À quoi ressemblera la dernière année d’action au ministère du Travail avant l’élection présidentielle ? Jean-Pierre Farandou s’est exprimé sur sa feuille de route des prochains mois ce 9 avril devant la commission des affaires sociales du Sénat.
Un mot est souvent revenu dans son discours : l’efficience. Dans un contexte budgétaire contraint, la rue de Grenelle va devoir s’assurer, comme ce fut le cas dans le budget 2026, du « bon usage de l’argent public ». « Quand l’argent public est rare, il faut encore plus vérifier », a-t-il insisté.
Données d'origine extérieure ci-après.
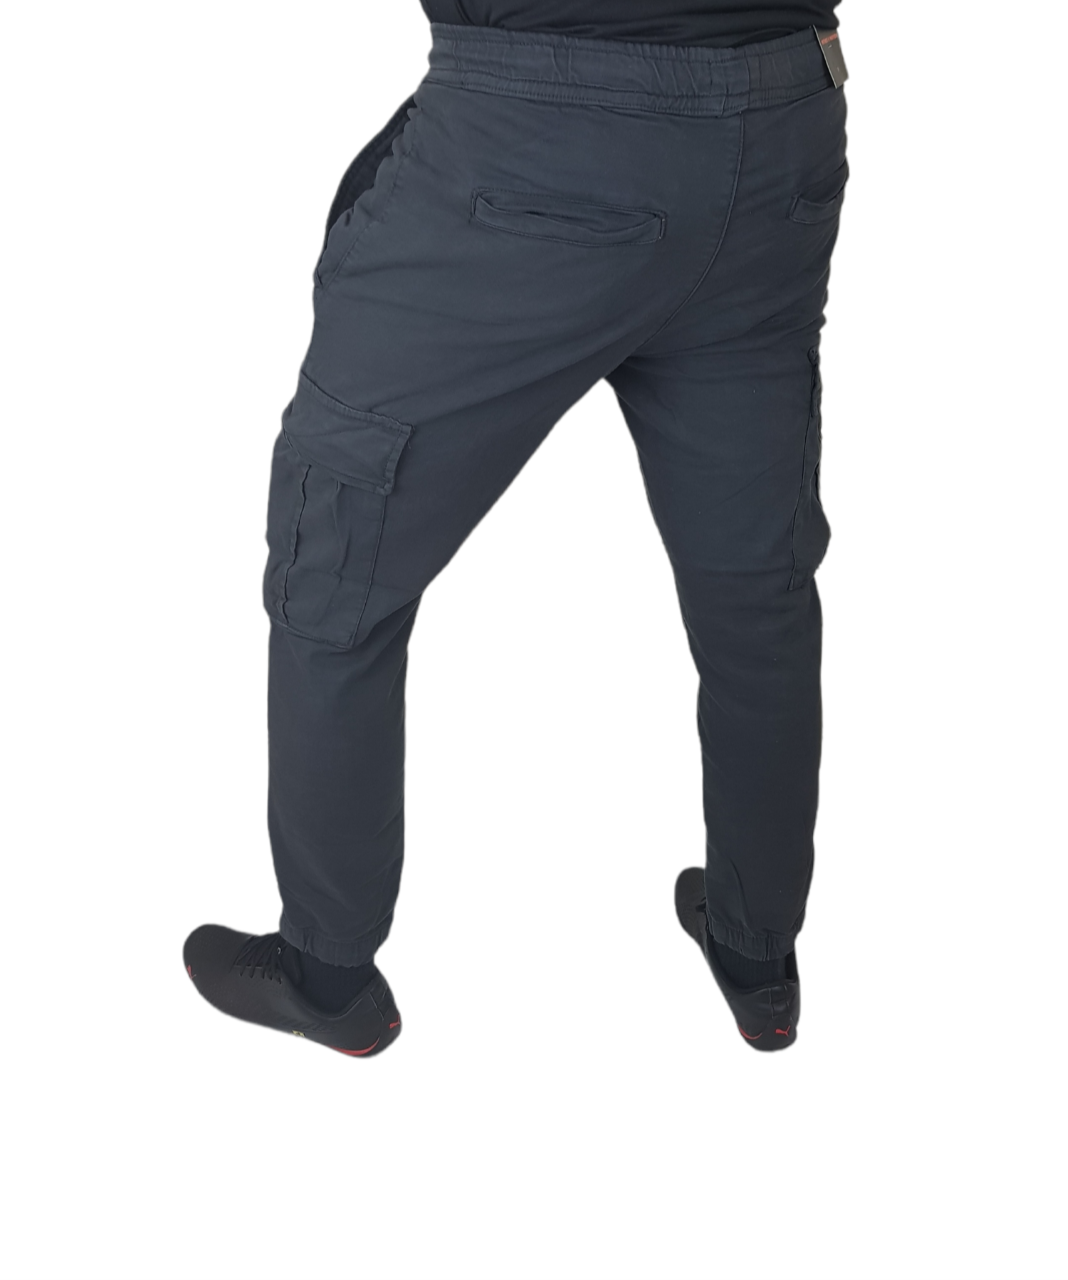 Men's Cotton Stretch Cargo Pants Charcoal Grey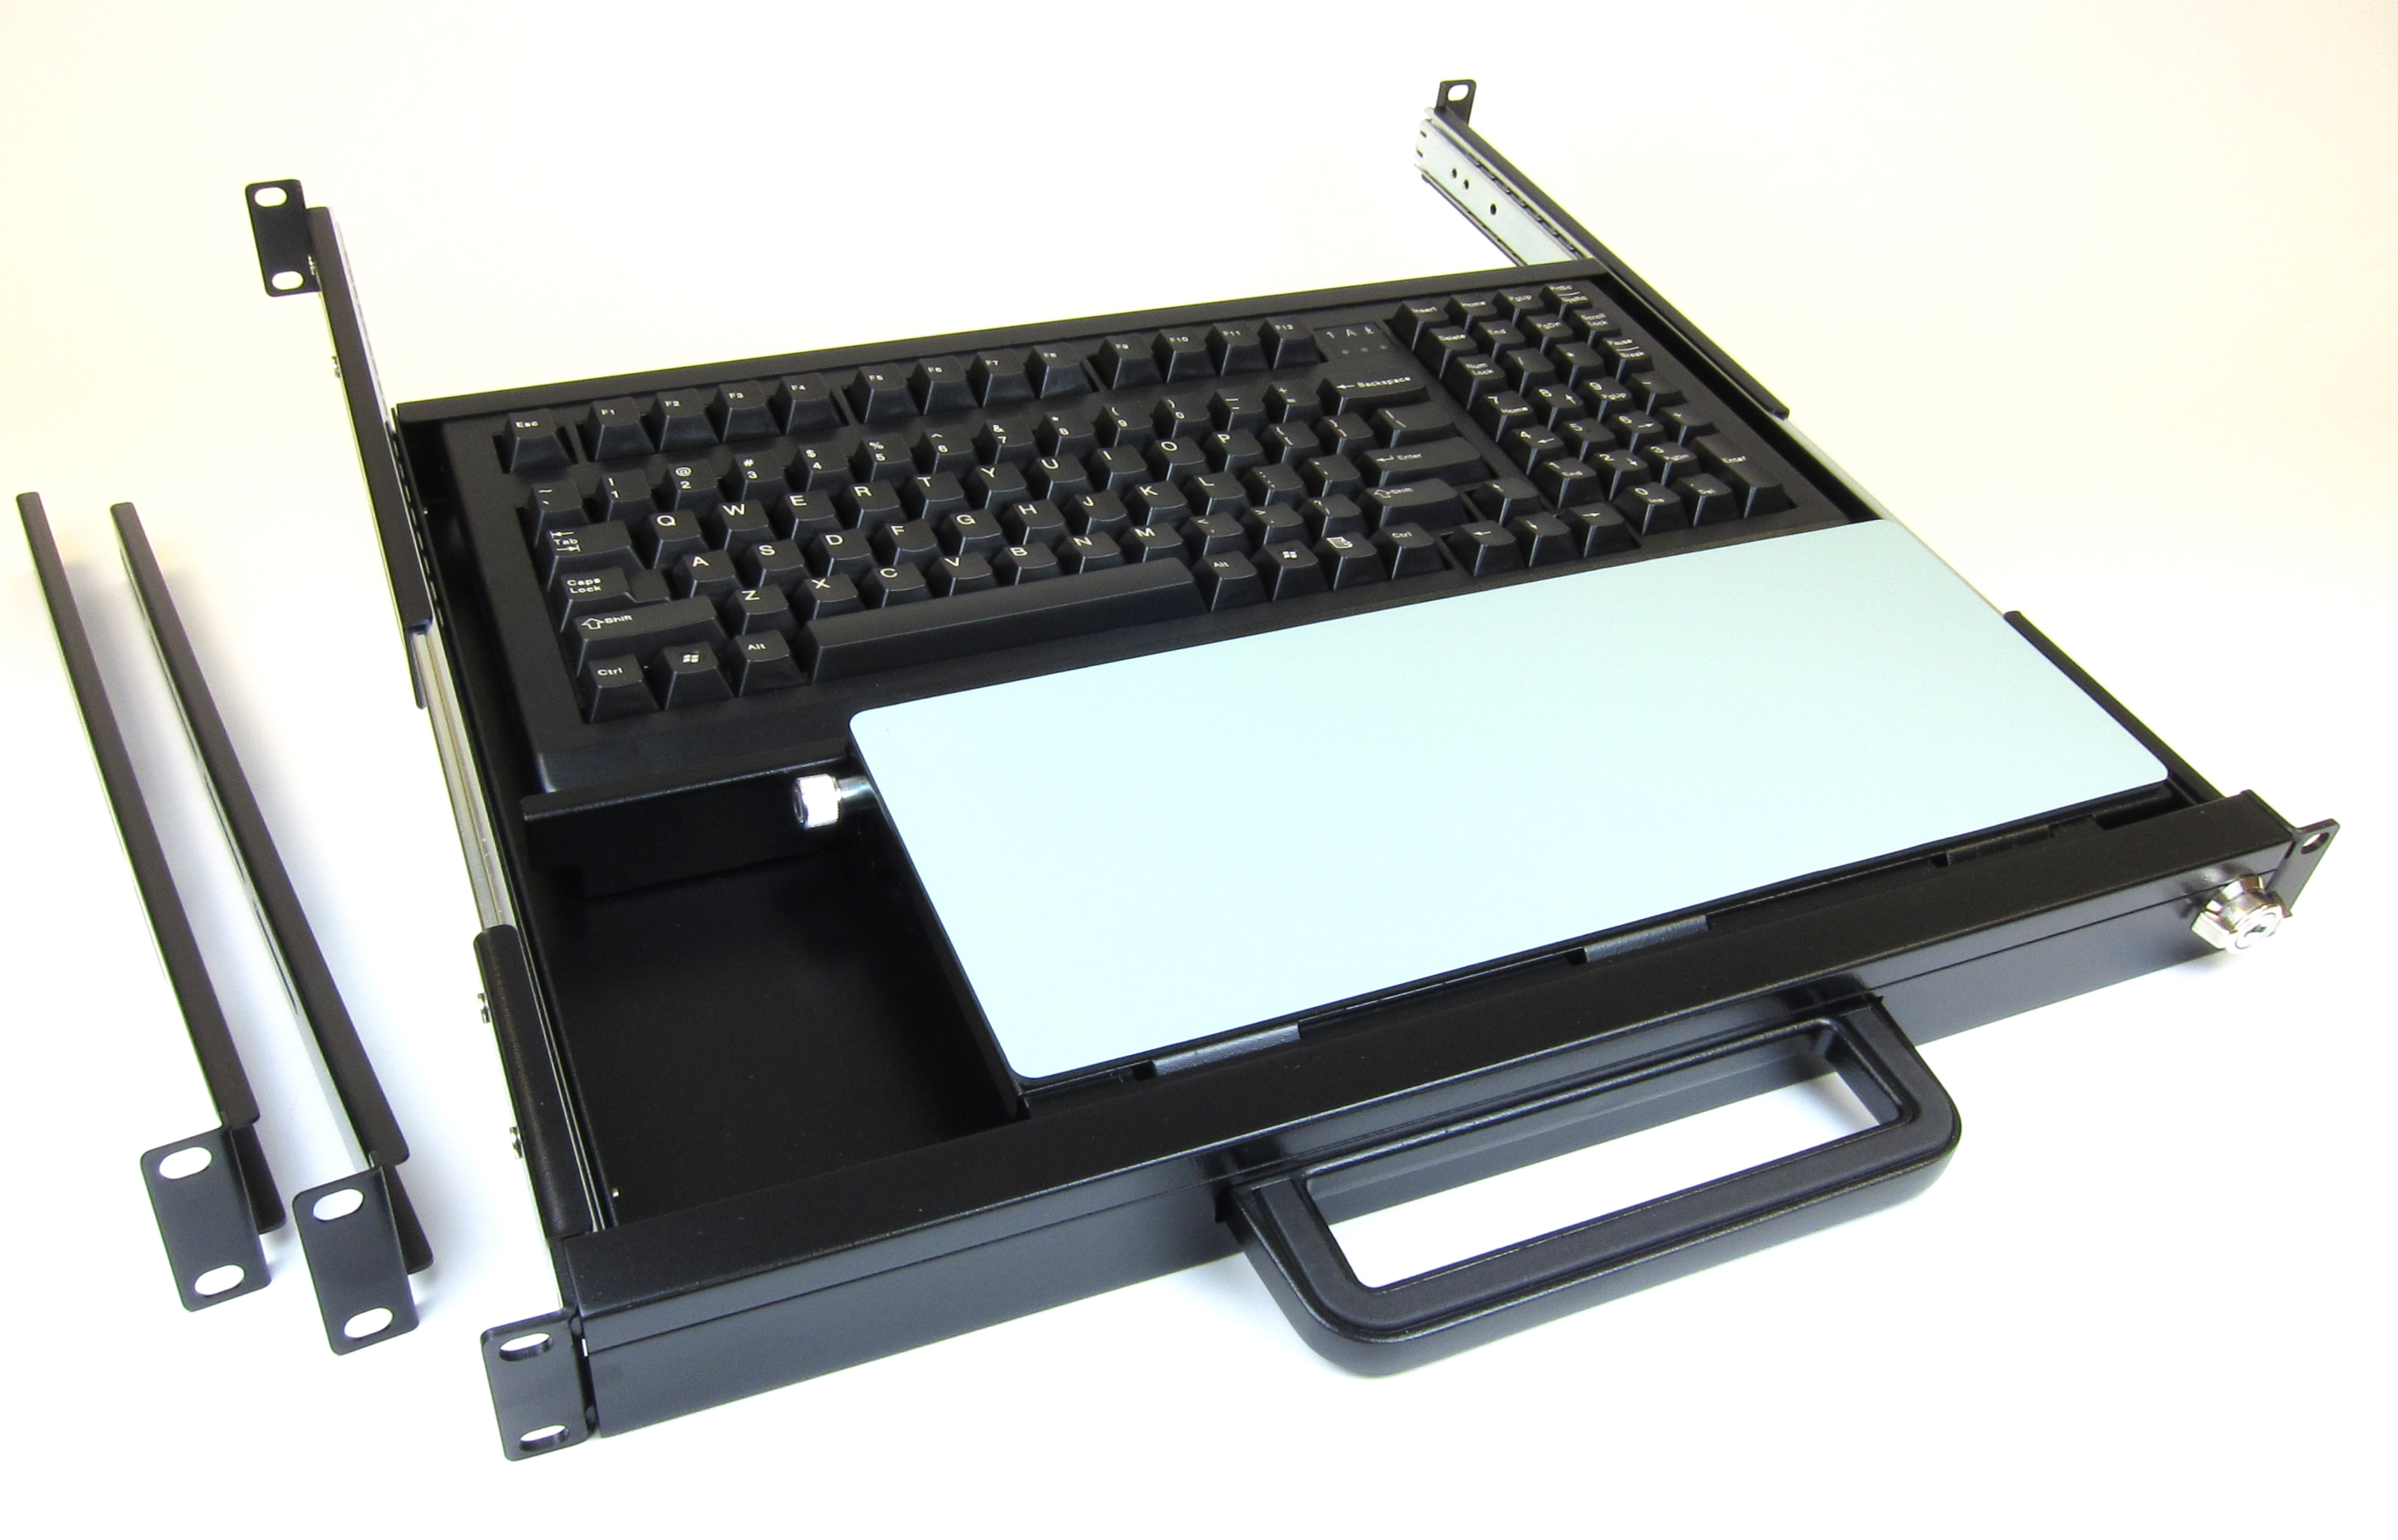 AD-624P-B 1U Rack Mount Keyboard with Mouse Pad

Et d’ajouter : « Vous connaissez le contexte de tension sur les finances publiques, dans lequel on a bâti ces budgets, qui ne va pas s’arranger. Cela donne déjà un peu la couleur dans laquelle nous allons nous retrouver à la rentrée […] Ce sera une tonalité d’effort, ce ne sont pas des budgets faciles que l’on a devant nous », a prévenu le ministre.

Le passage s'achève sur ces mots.